I can’t help wondering if, at a time when NASA is declaring proudly what good value for money unmanned spacecraft are, shouting from the hilltops, justifiably, about the success of Cassini and the MERs, the idea of the public and politicians obediently handing over billions of dollars to send people to Mars at some vague point in the future, after scrapping existing spacecraft, abandoning the ISS, and cutting back on other high profile programs, is a bigger fairytale than anything Shrek’s producers could come up with.
To talk so casually about abandoning the ISS baffles me.

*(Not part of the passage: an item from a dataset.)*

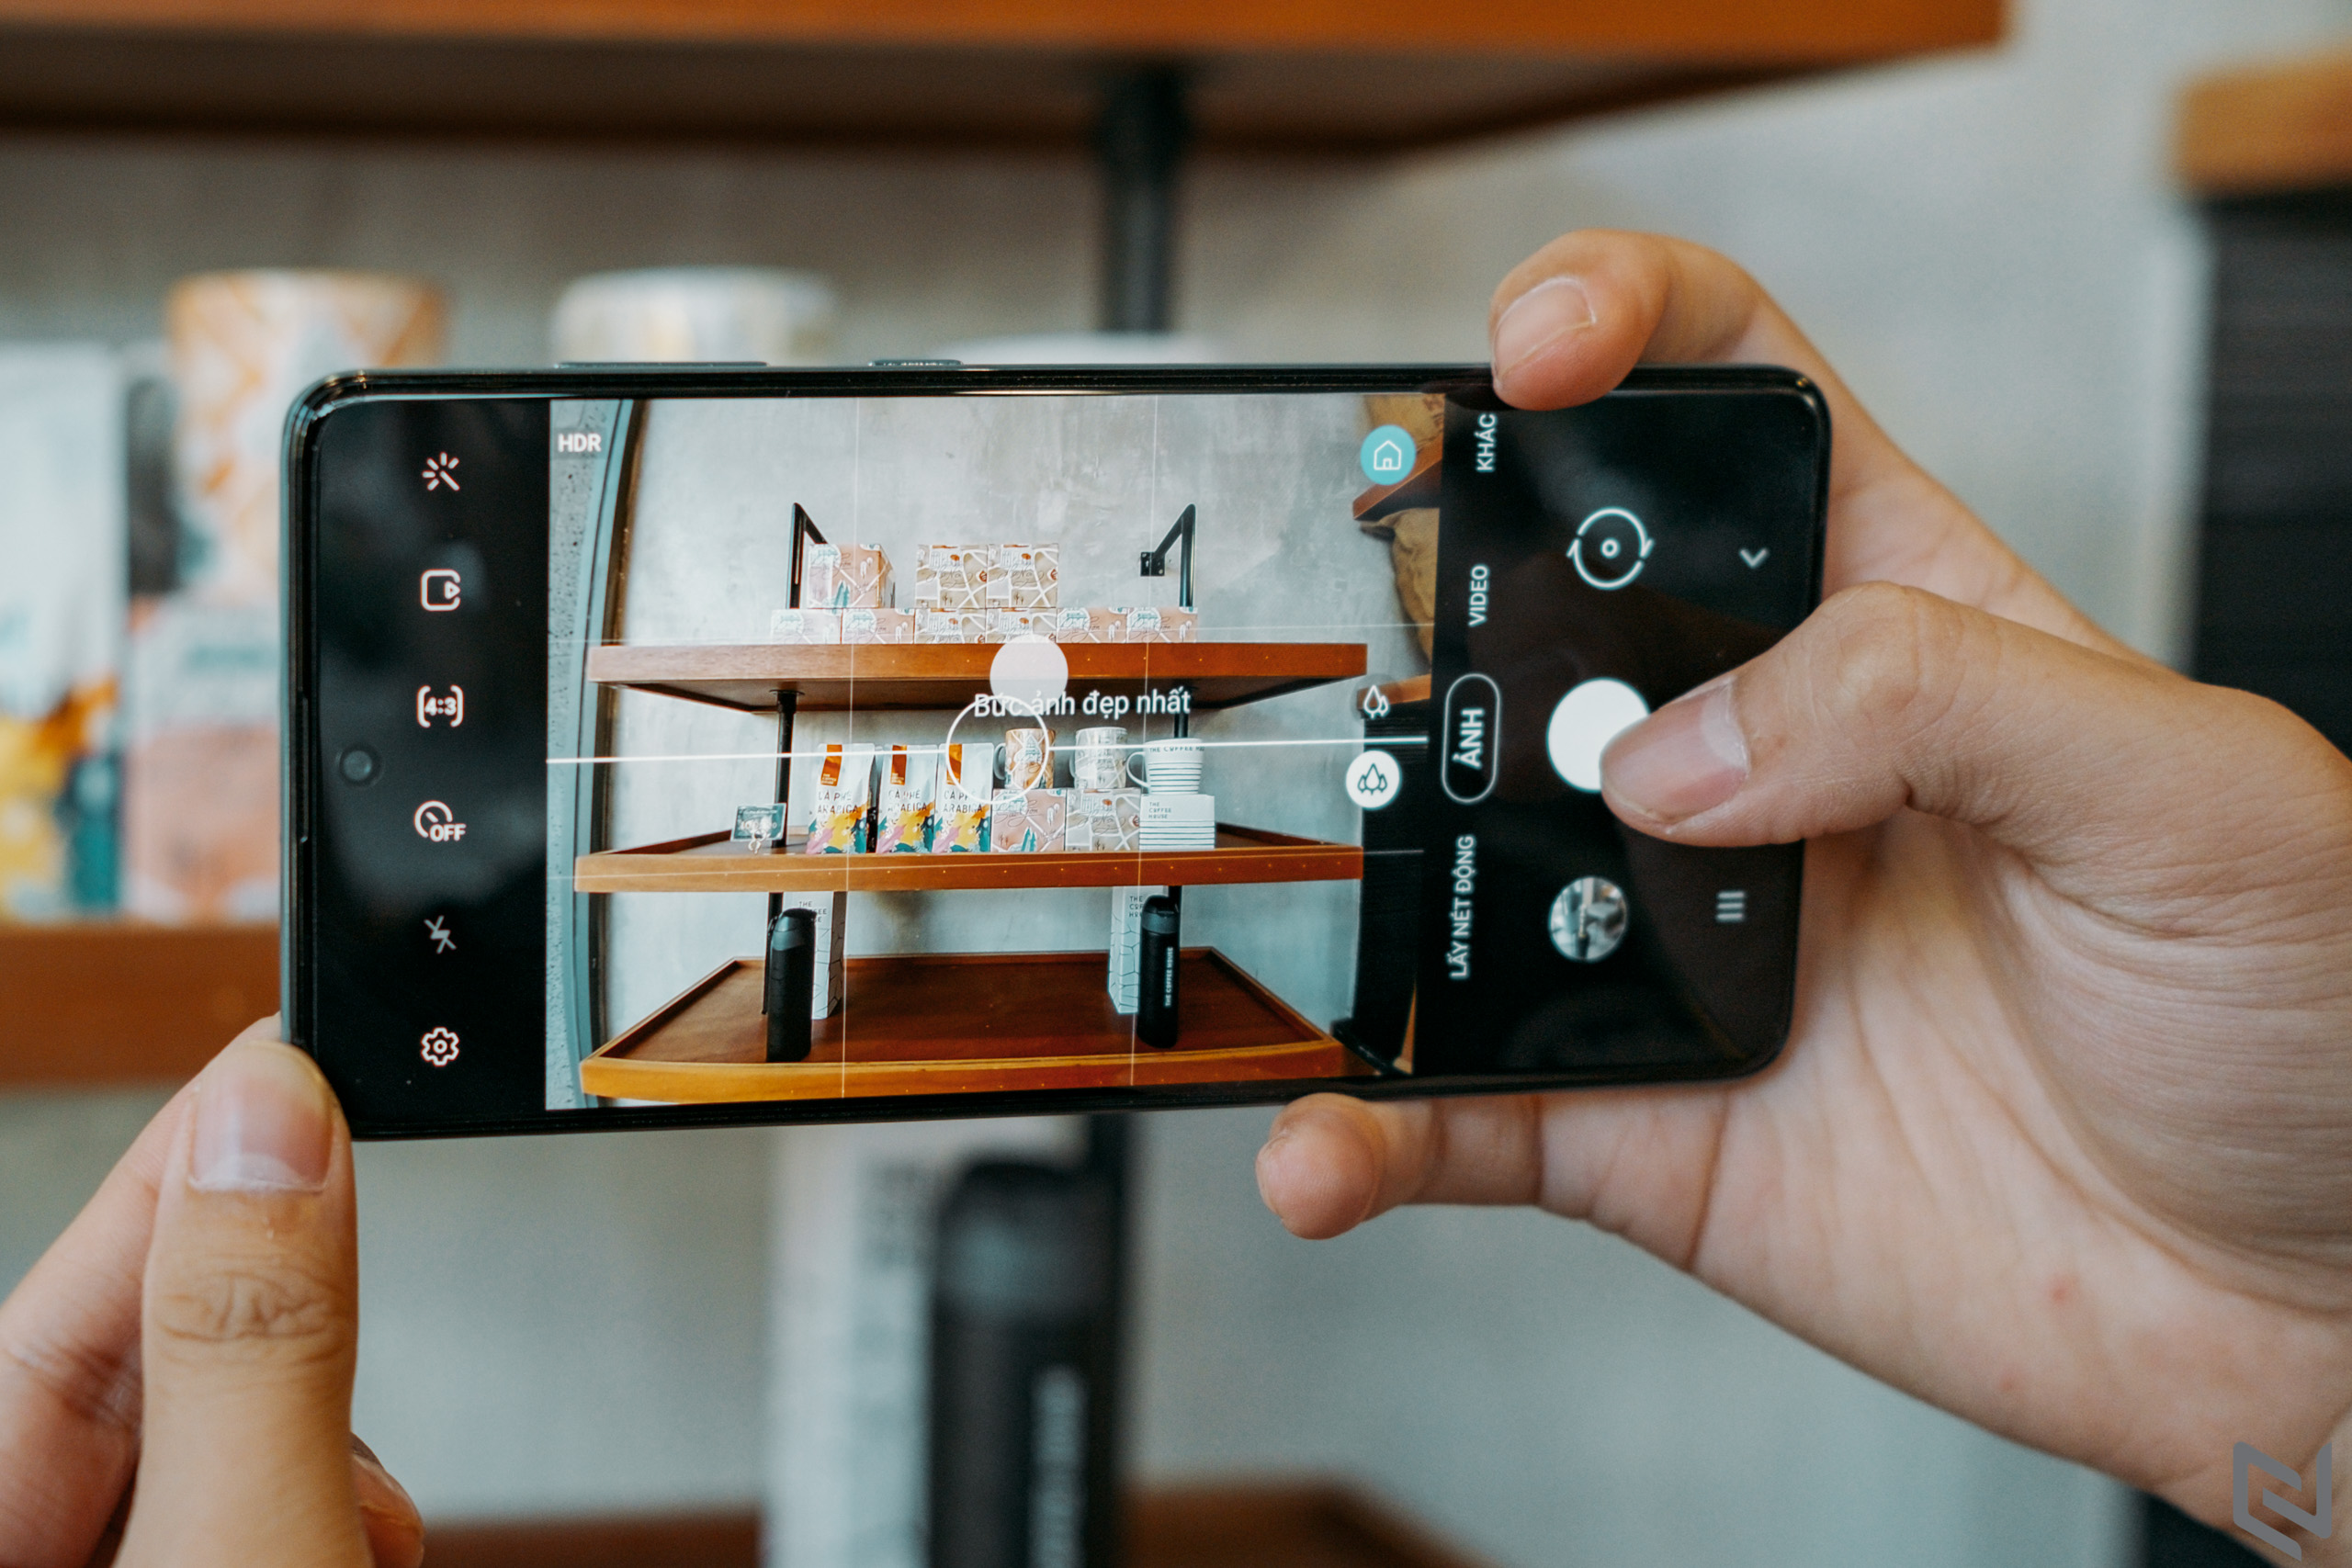 Đánh giá Samsung Galaxy A71: Camera ngon, hiệu năng đỉnh, giờ đã không còn ngán đối thủ nào

Ever since Zarya was launched—and I remember standing in my garden and watching it flying over my house at dusk soon after, a bright star slicing through the purple twilight—NASA has heralded the ISS as Mankind’s “gateway to the stars”, our beachhead on the shore of the Universe. From the ISS, one day in the future Mankind would expand outwards, but not before we had learned how to make new medicines and materials, studied the Earth and its climate, developed startling new medical technologies and a million other wonders. Abandon it? It must be some use, surely? An astronaut training facility, at the very least. An orbiting, quarantined lab to use when the first Mars samples are returned? There must be something we can do with it after spending all that money on it? Or are we so stupid now that we not only look gift horses in the mouth, but we kick them and break all their teeth too?
If the cost of the Vision for Space Exploration’s success is the loss of Hubble, ISS, and other scientifically useful missions, then maybe we need to look at the figures again. It may just not be worth it. I sound pessimistic, I know, maybe even anti-Bush or anti-NASA. I support the aims of the new Vision, I really do. I want it to succeed. I just can’t shake this feeling that we’re going about this the wrong way. I’m not sure what the right way is, I’m no expert, nor do I claim to be one.